UPDATE: More from Microsoft Watch here including this quote which sheds more light on what's been transpiring between the two companies:

Adobe is claiming that PDF export technology constitutes a separate product and that Microsoft is tying both Save to PDF and Save to XPS to Vista and Office 2007 and is making them available for free, thus undercutting Adobe's ability to charge for these kinds of plug-ins.

"I couldn't say, legally, how this would play out," said Directions on Microsoft analyst Robert Helm. "In the U.S., Adobe would need to show that Microsoft is leveraging a monopoly in one market to monopolize a second market. They will have to convince a judge that the second market exists, and that it might be possible to monopolize it. The U.S. Department of Justice was never able to pull that off. The European Commission is a different matter altogether."

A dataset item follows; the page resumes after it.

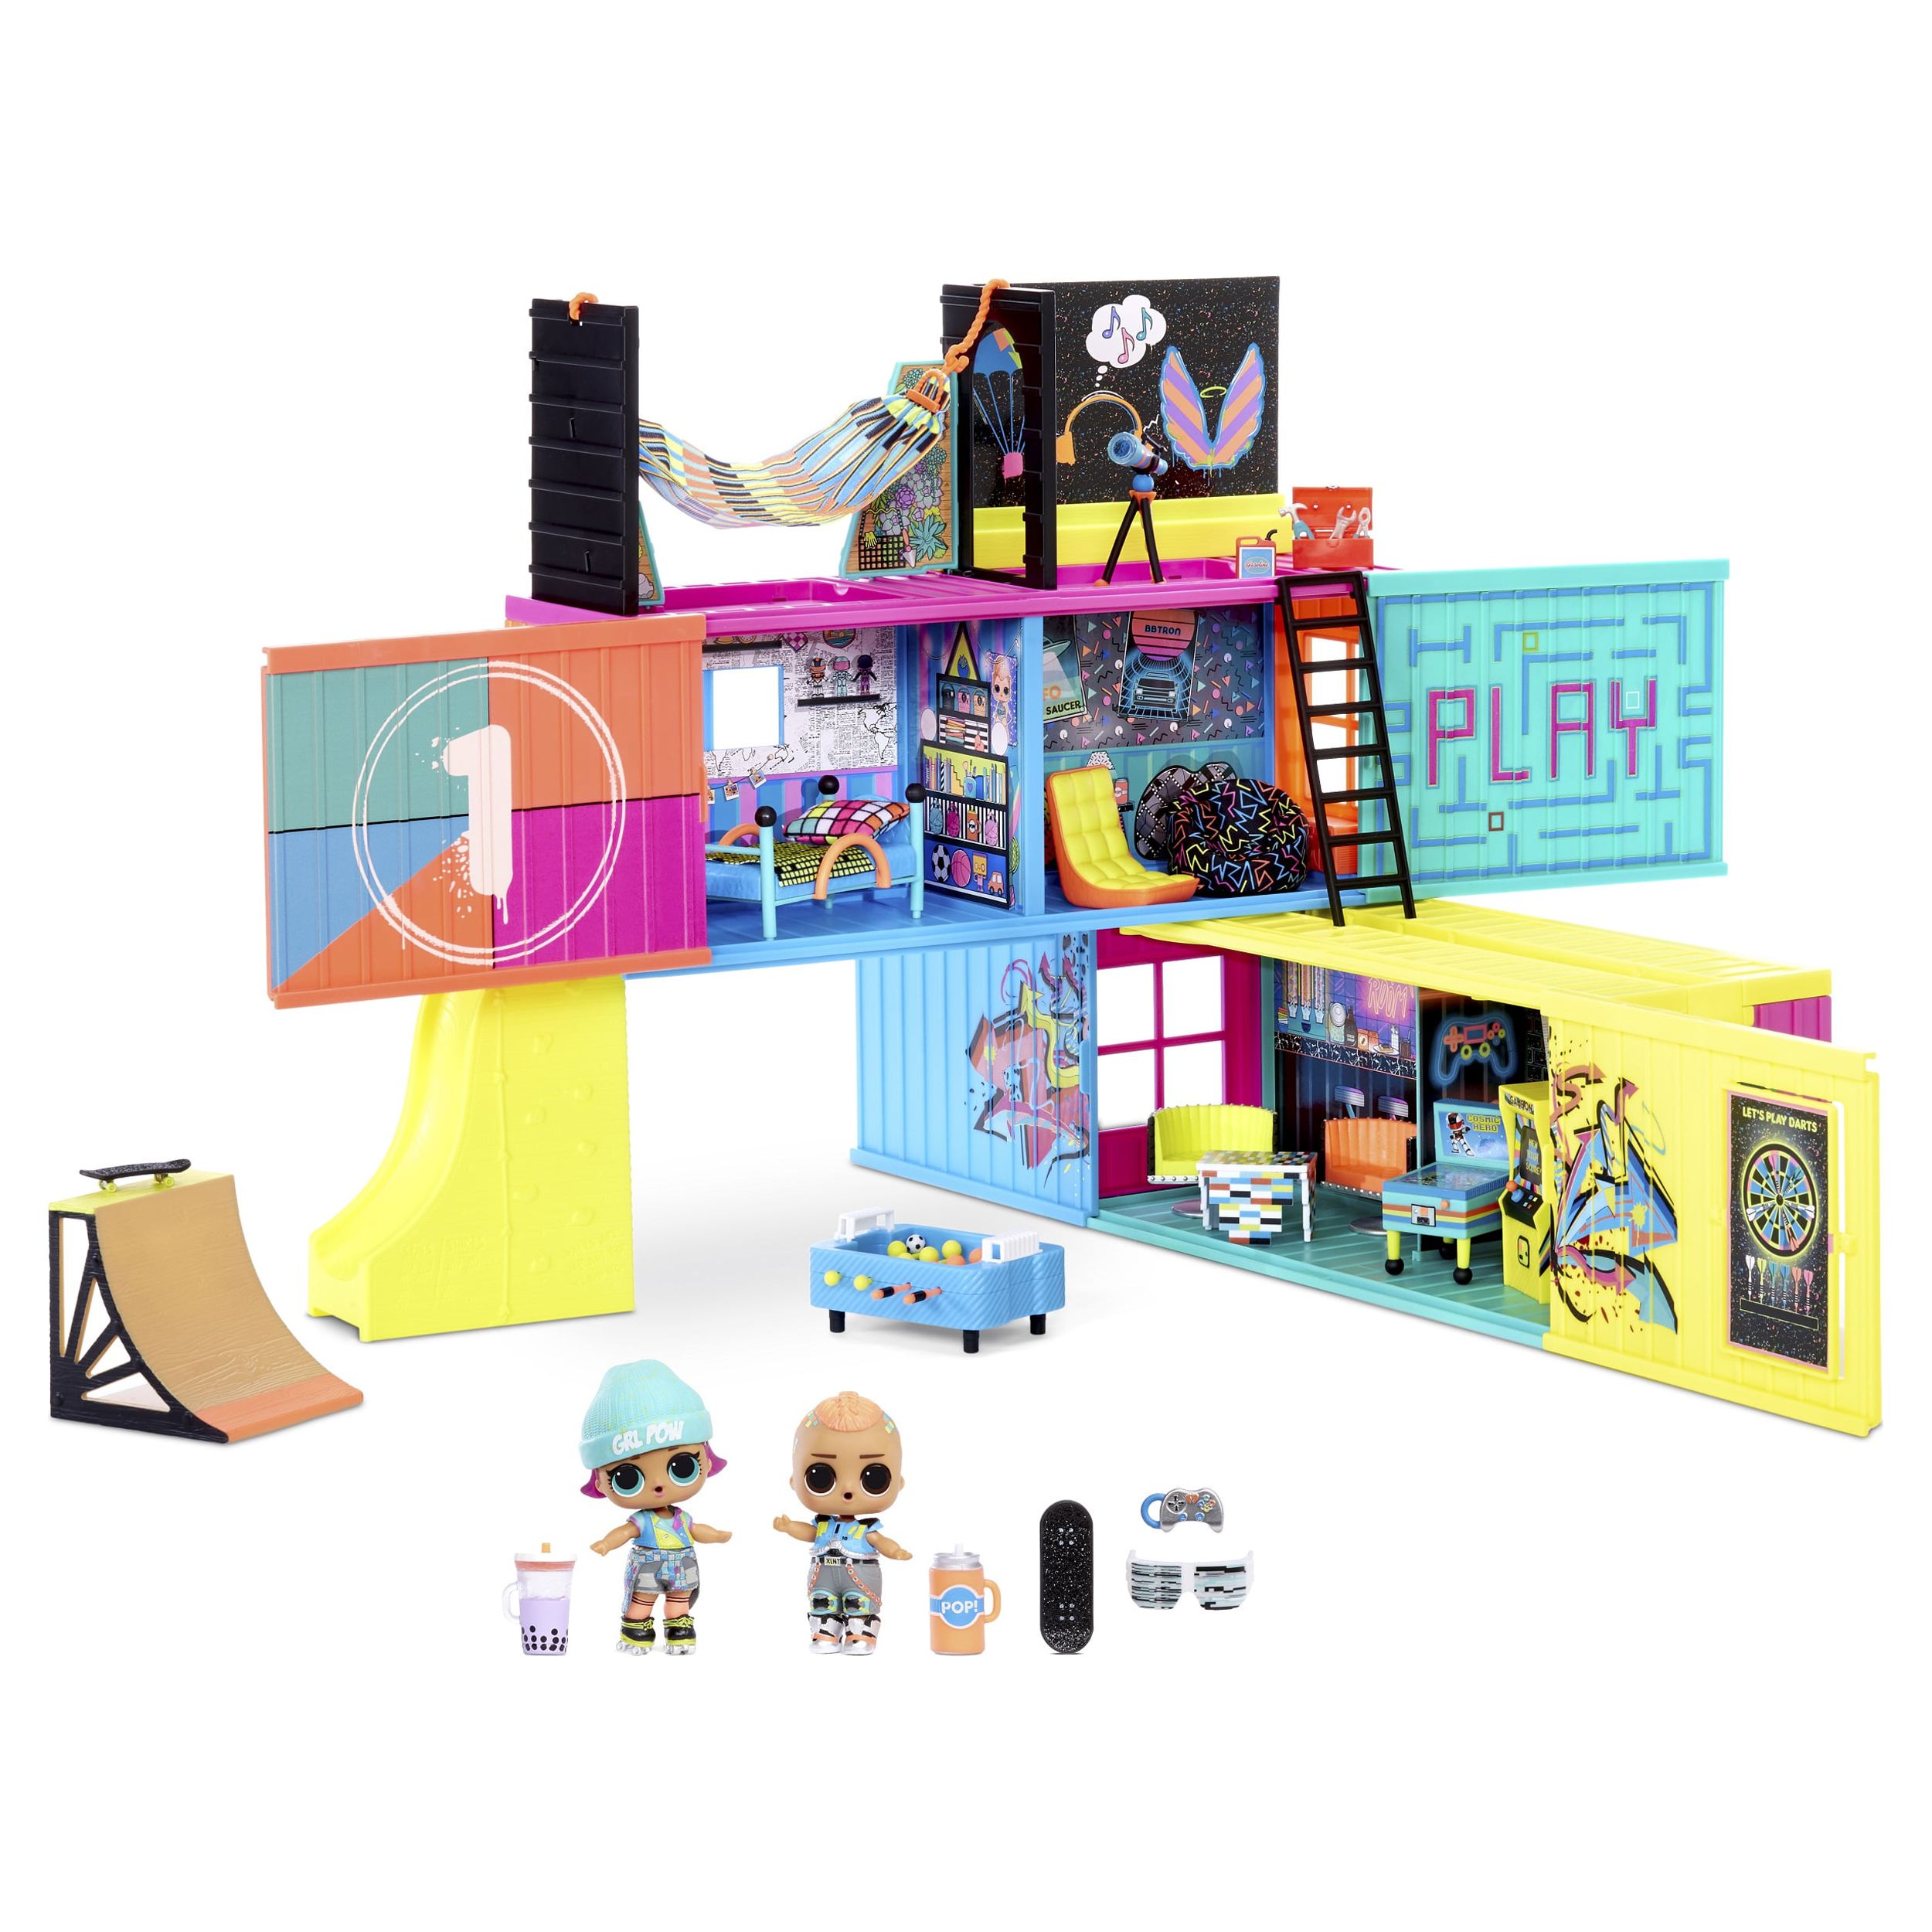 LOL Surprise Clubhouse Playset With 40+ Surprises and 2 Exclusives Dolls, Great Gift for Kids Ages 4 5 6+ - image 1 of 12

As a result of its ensuing discussions, Microsoft has agreed to remove from Office 2007 the Save as PDF functionality it had been touting since last fall. While Save as PDF is part of Office 2007 Beta 2, which Microsoft began distributing to thousands of testers the week of May 22, at the behest of Adobe, it will not be part of future releases, Heiner confirmed. Instead, Microsoft will make that feature a separate, free, downloadable plug in.

Microsoft is not cutting out of Vista XPS – the technology code-named "Metro" that many consider to be an alternative to PDF and Postscript, -- Heiner said. Nor is Microsoft removing the "Save as XPS" capability from Office 2007, he said.

Can I get you some peanuts or popcorn with that program? Looks like this one is going to go into extra innings.